Task requirements: Everything in the listing below has to be repeated exactly, except the pictures.

Supplied material START

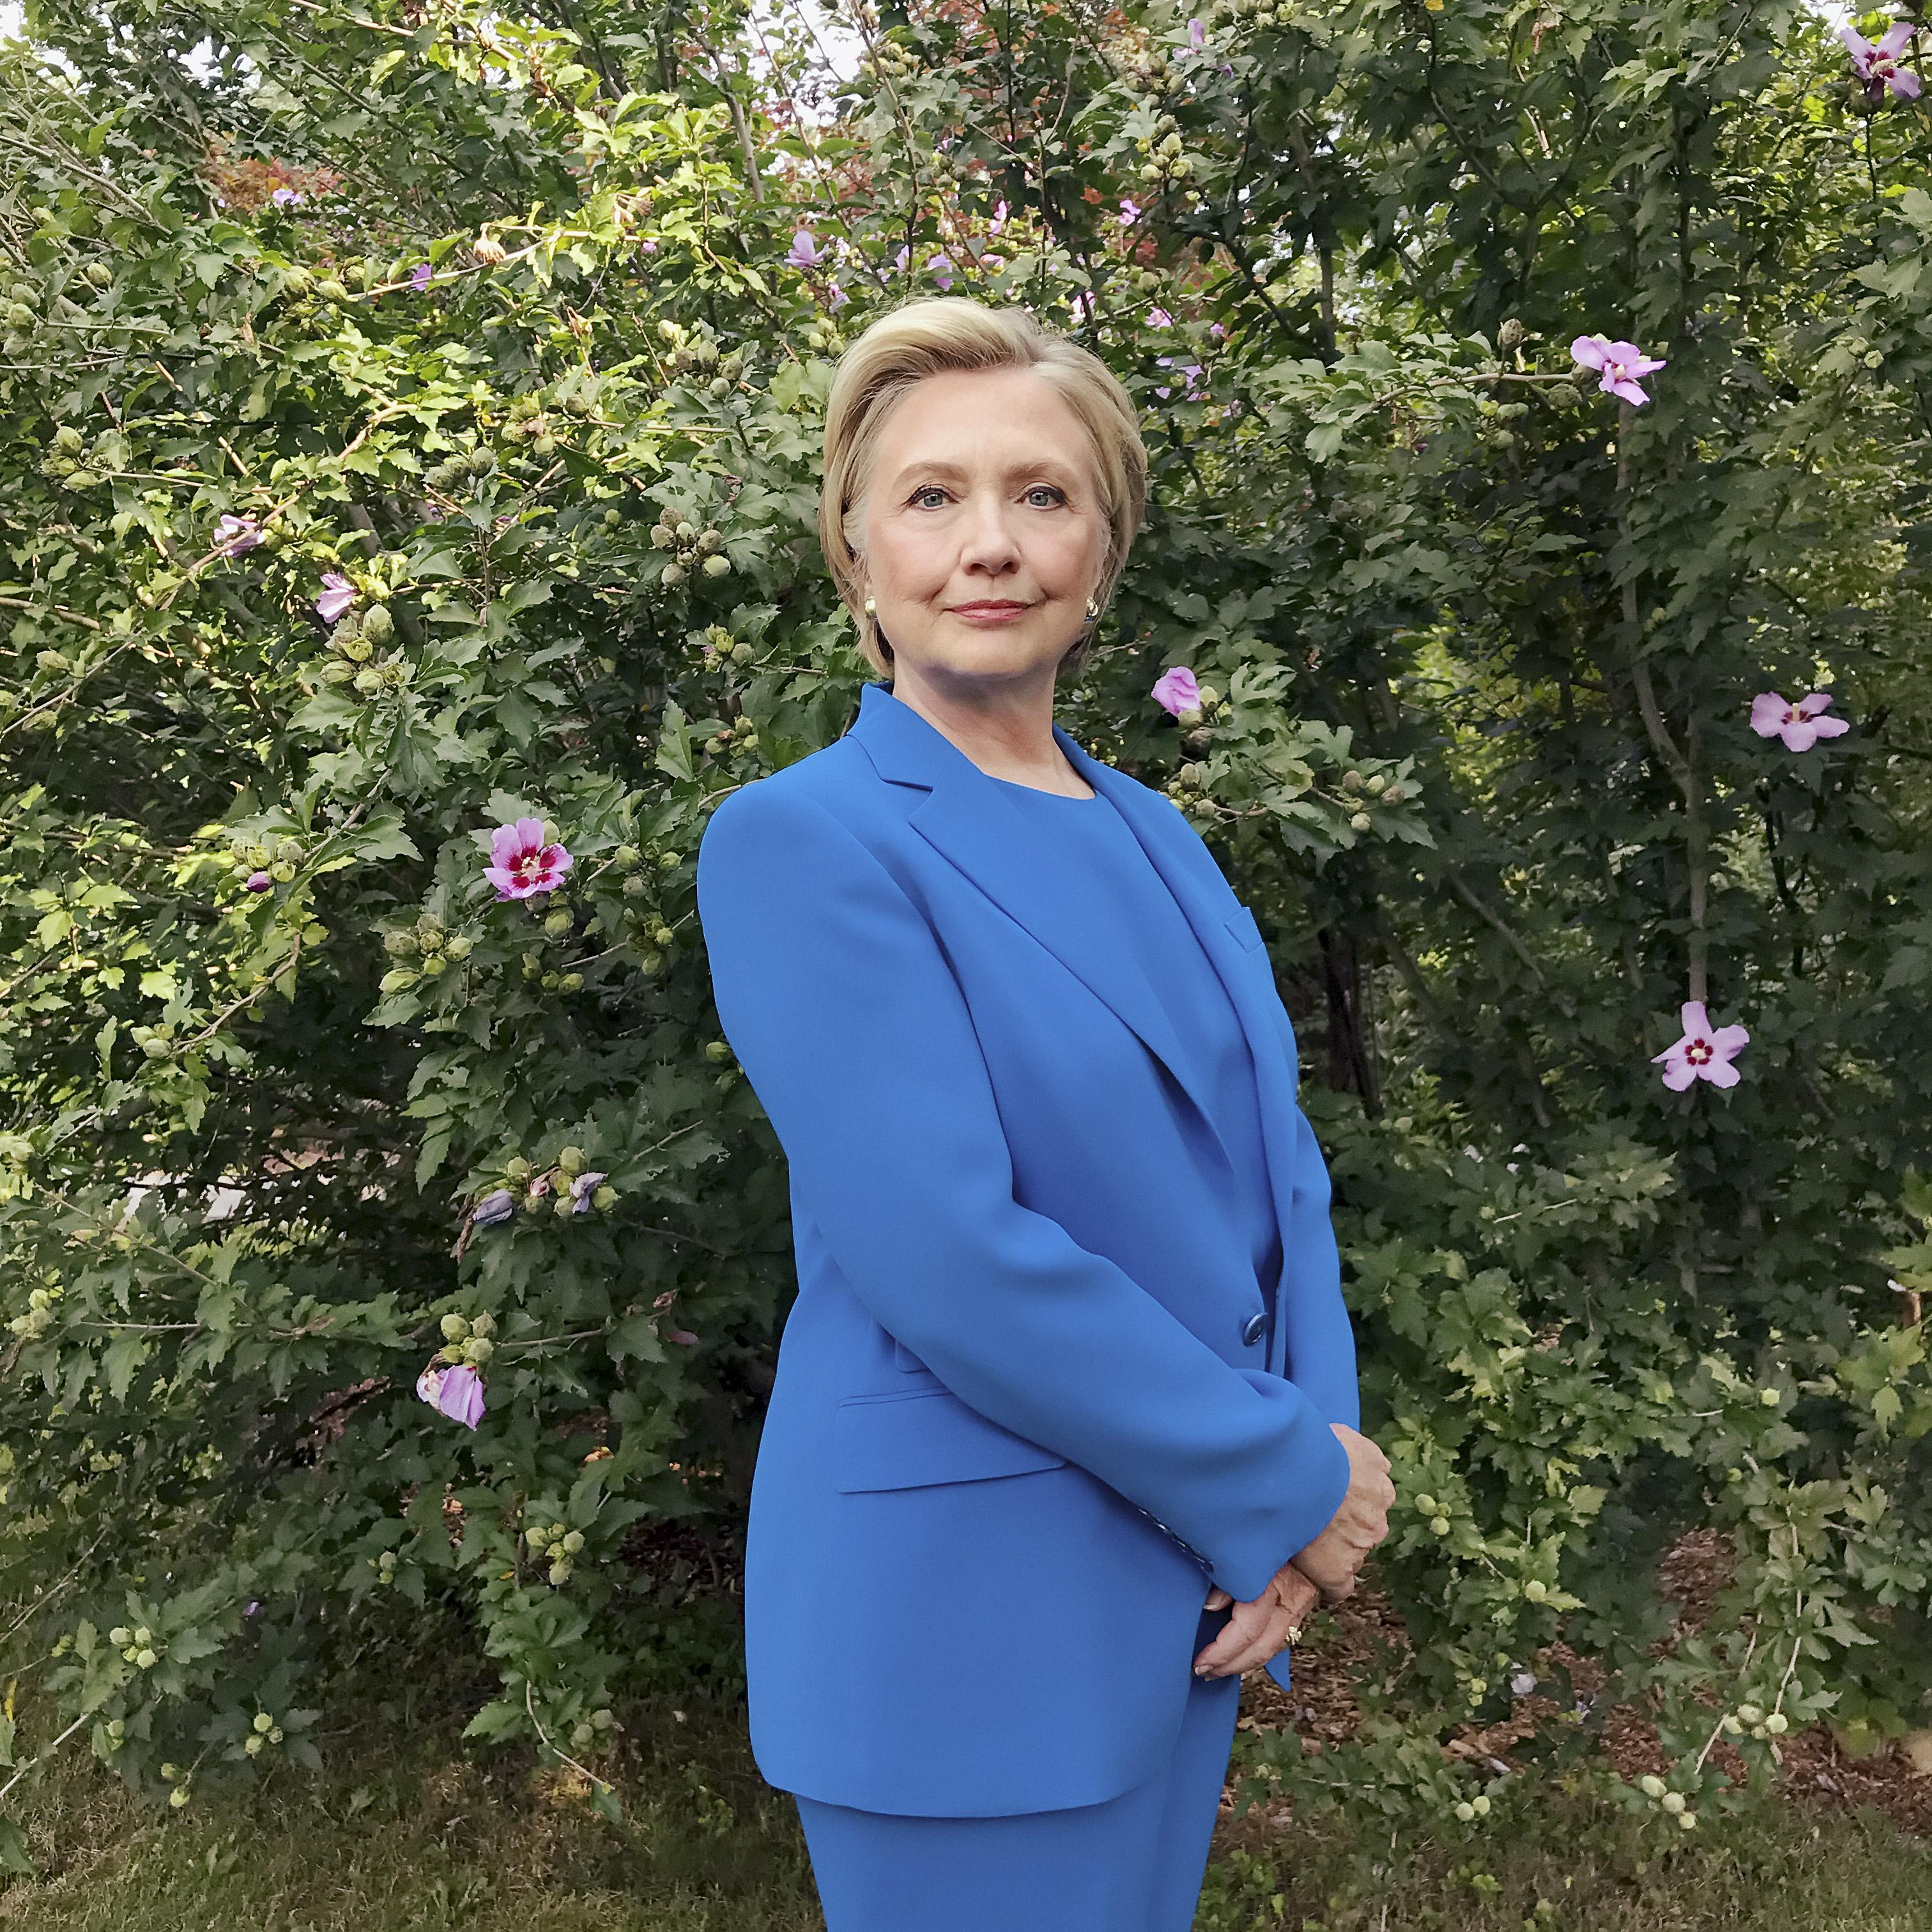 Secretary Hillary Rodham Clinton, photographed in Chappaqua, New York on Sept. 5, 2017.
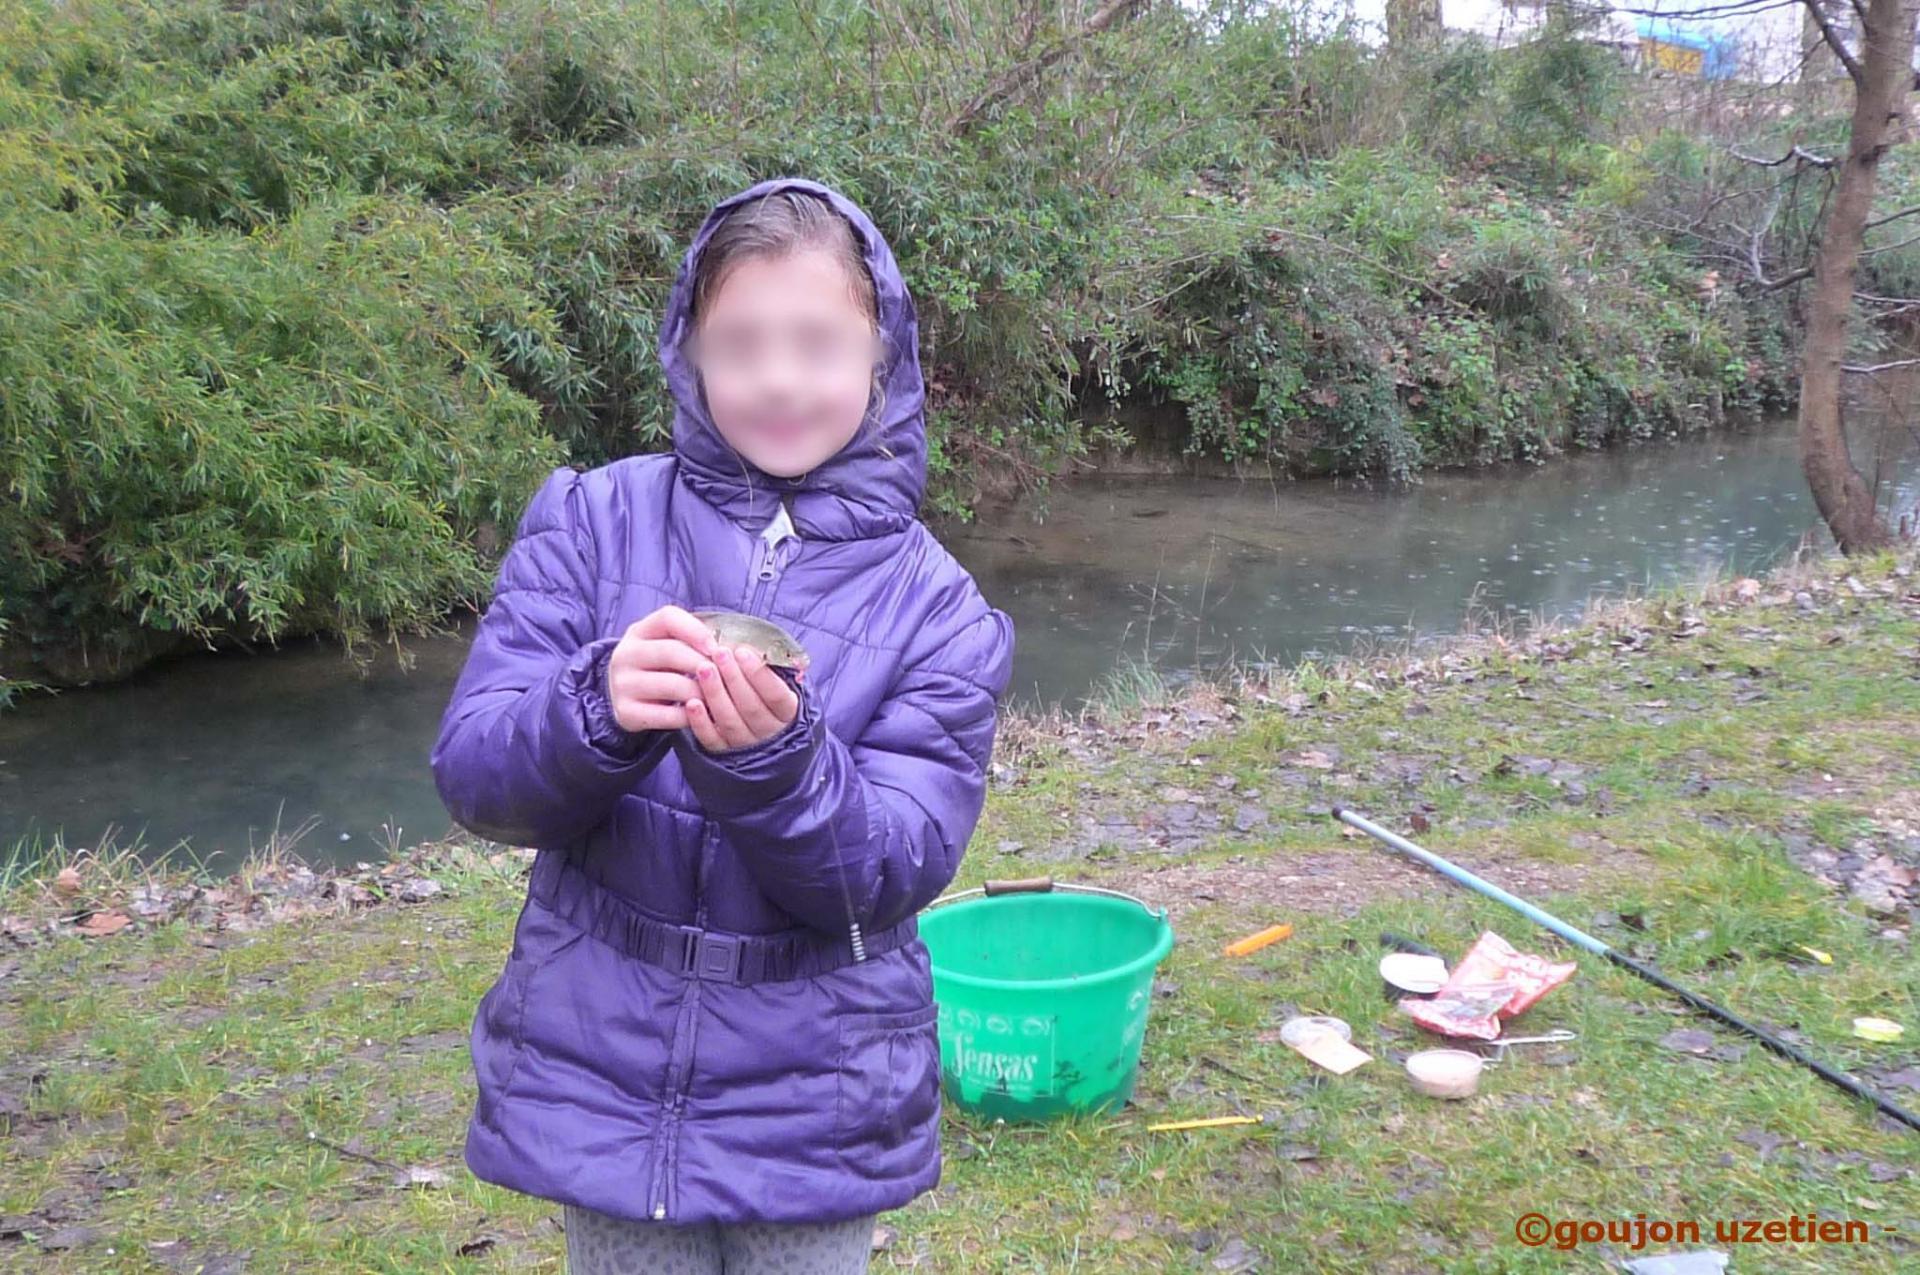 Atelier petit poisson fl goujon uzetien
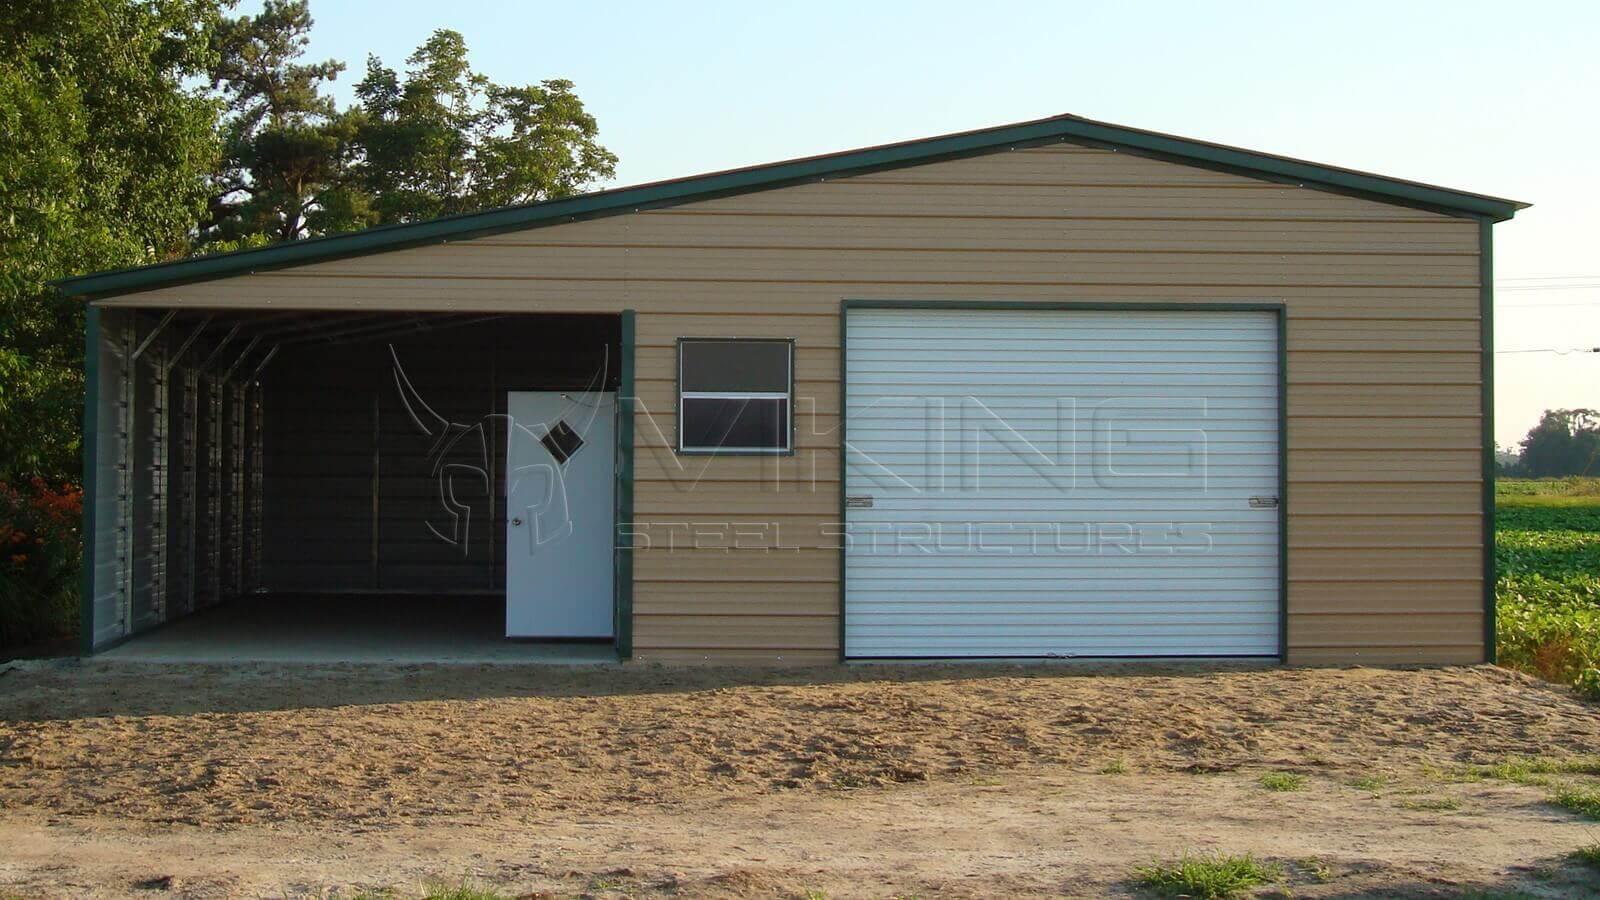 Fully Enclosed Carports : Viking steel structures metal carports barns garages

Supplied material END

Response box:
 Secretary Hillary Rodham Clinton, photographed in Chappaqua, New York on Sept. 5, 2017.
 Atelier petit poisson fl goujon uzetien
 Fully Enclosed Carports : Viking steel structures metal carports barns garages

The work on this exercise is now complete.